• Data shown:
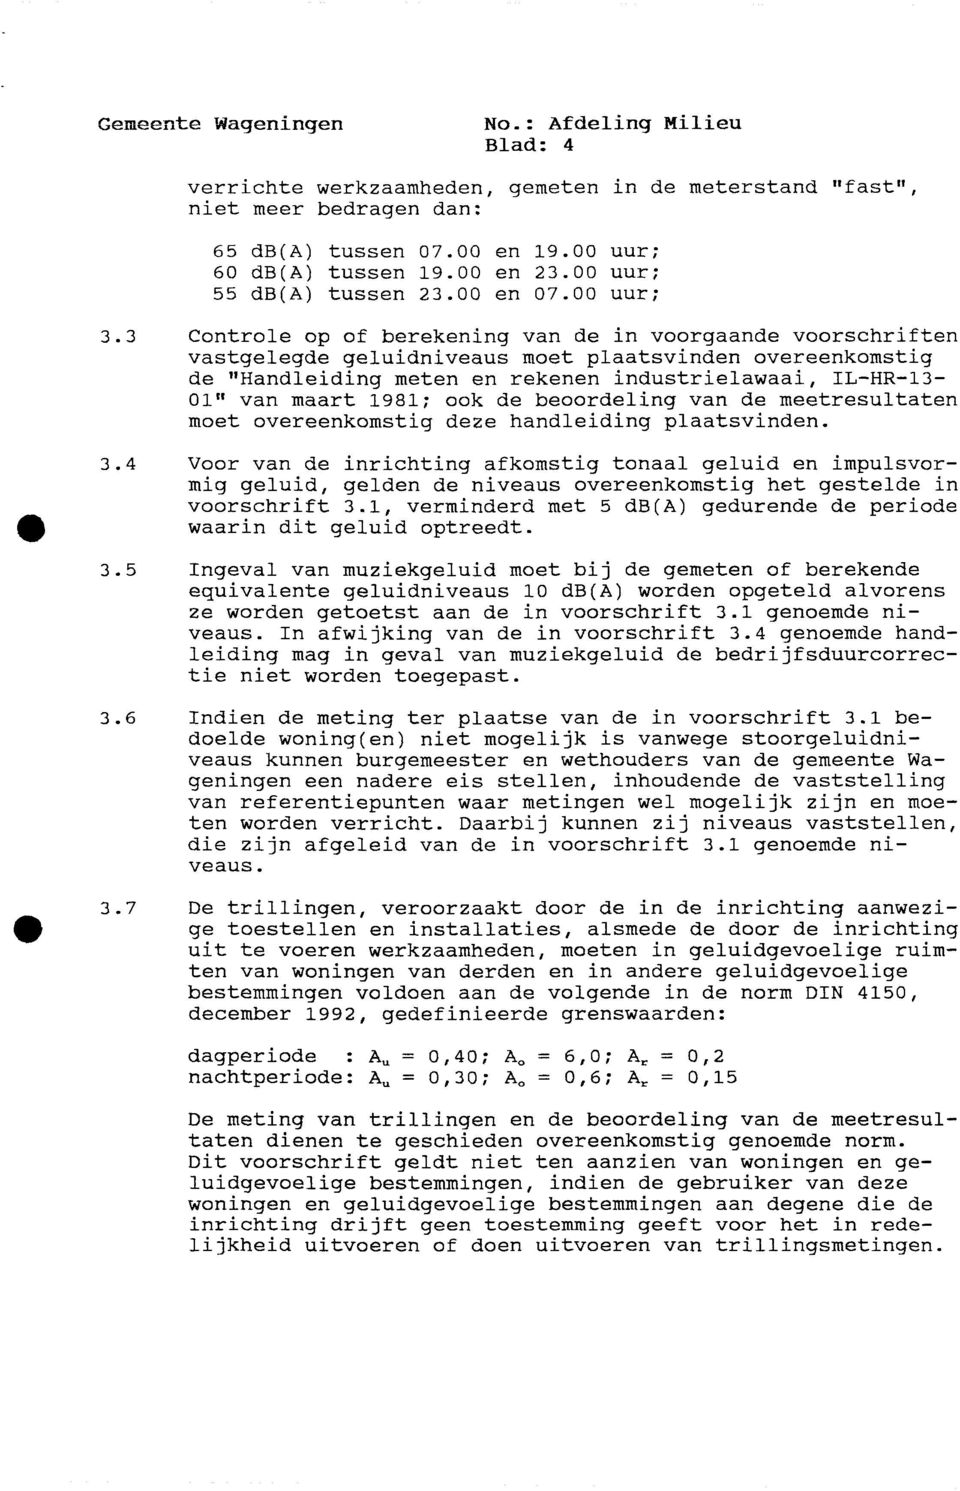 1981; ook de beoordeling van de meetresultaten moet overeenkomstig deze handleiding plaatsvinden. 3.
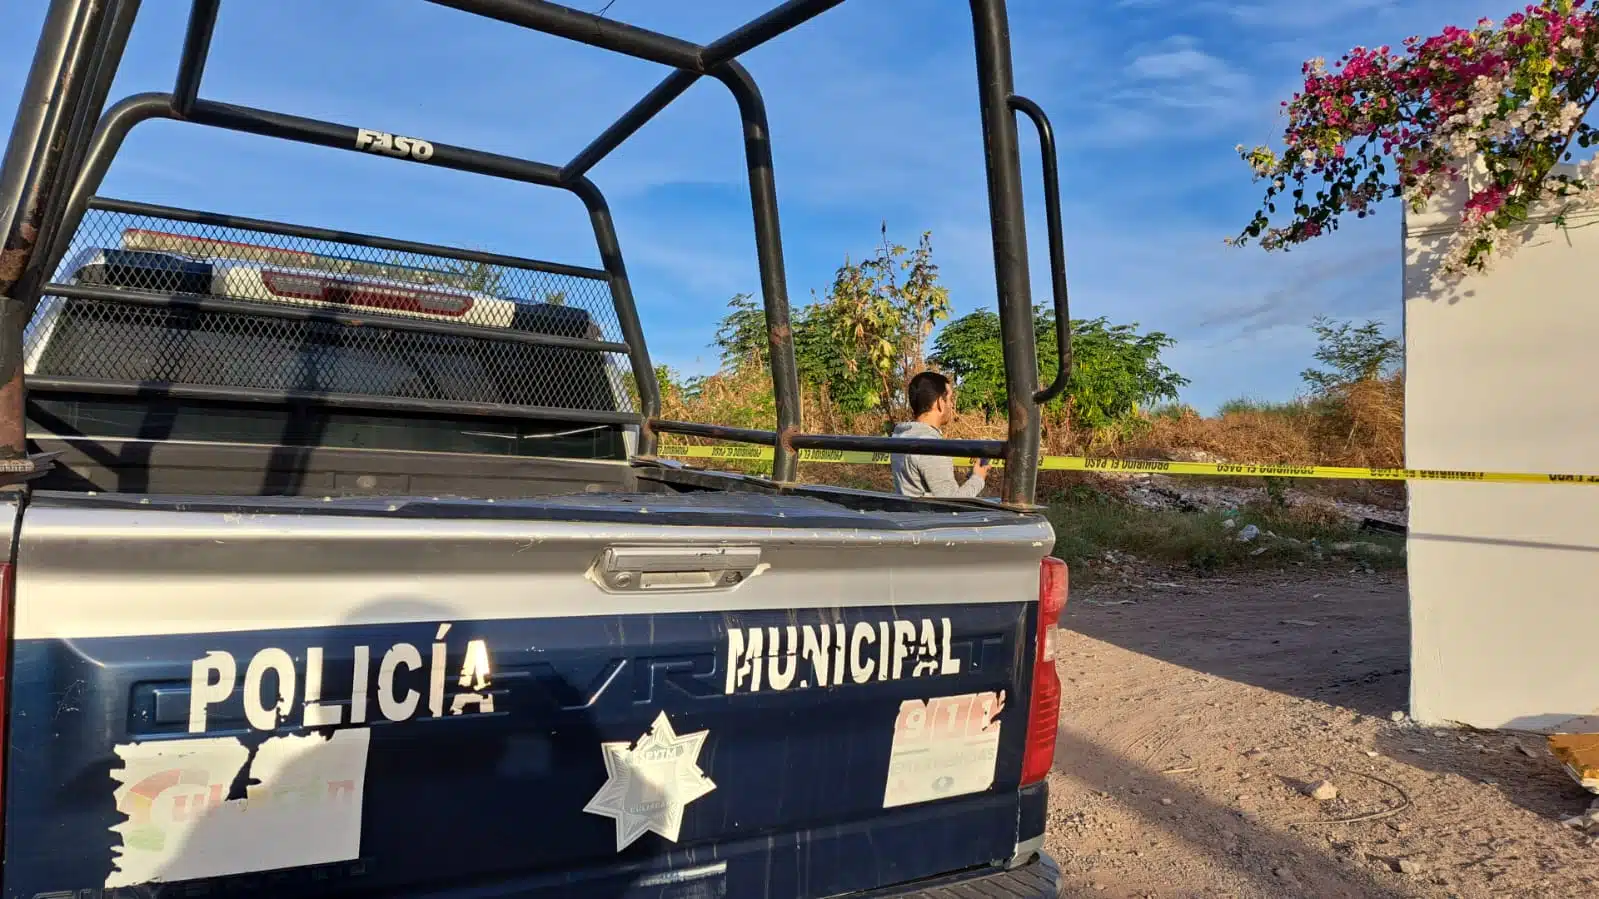 Camioneta de la Policía Municipal y cinta amarilla delimitando el área donde se encontró el cuerpo de un hombre asesinado en Culiacán
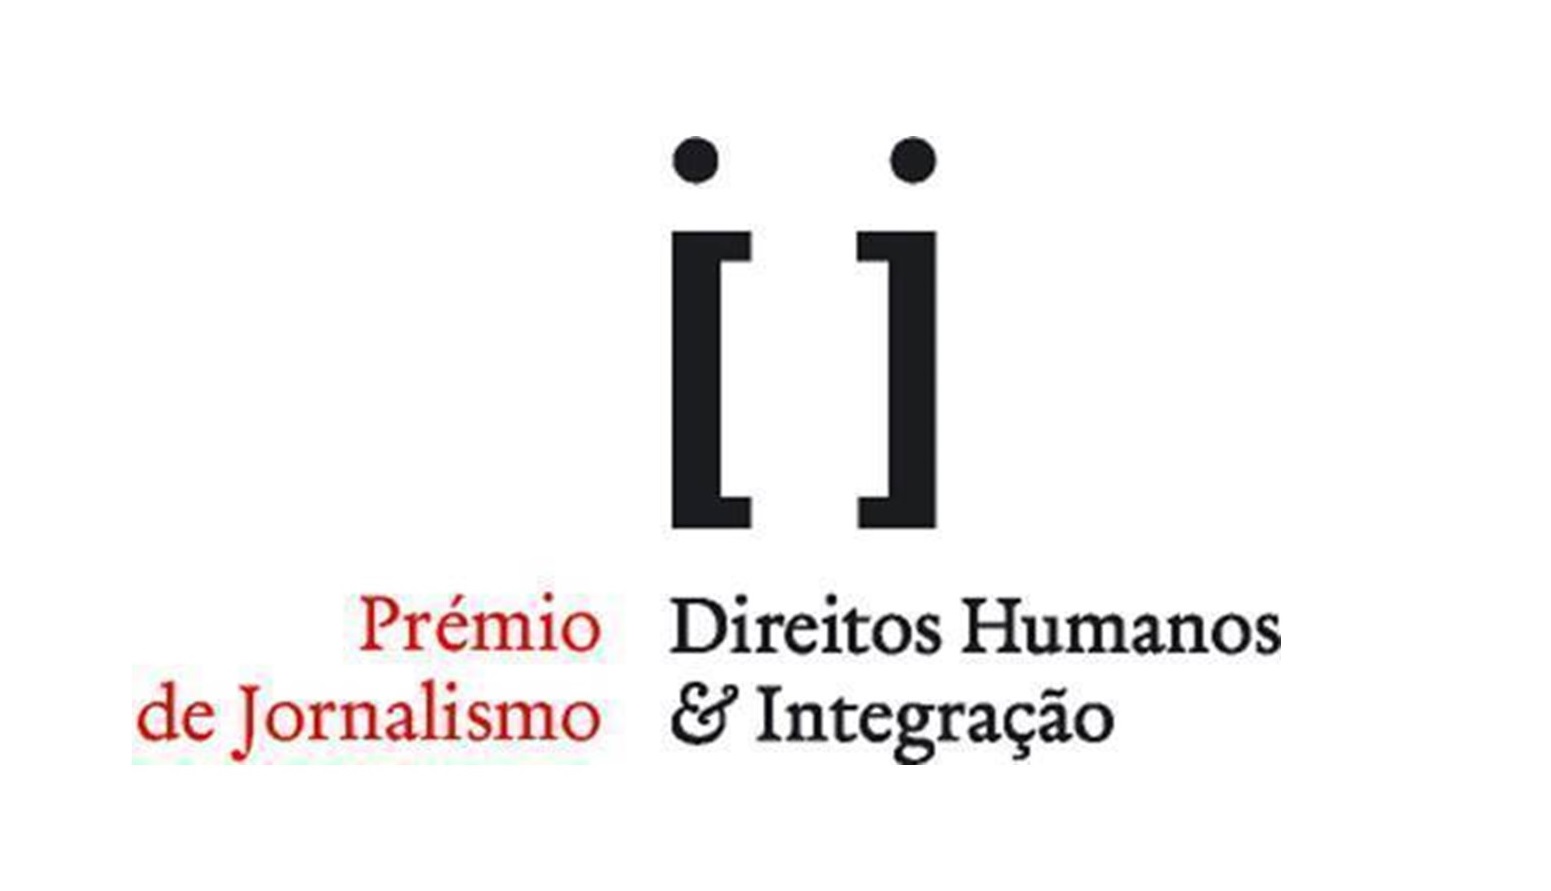 Prémio de Jornalismo "Direitos Humanos & Integração” irá ser atribuído pela CNU e SGPCM

• Your instructions:
Excluding every picture, set down the listing exactly.

• Exercise result:
 1981; ook de beoordeling van de meetresultaten moet overeenkomstig deze handleiding plaatsvinden. 3.
 Camioneta de la Policía Municipal y cinta amarilla delimitando el área donde se encontró el cuerpo de un hombre asesinado en Culiacán
 Prémio de Jornalismo "Direitos Humanos & Integração” irá ser atribuído pela CNU e SGPCM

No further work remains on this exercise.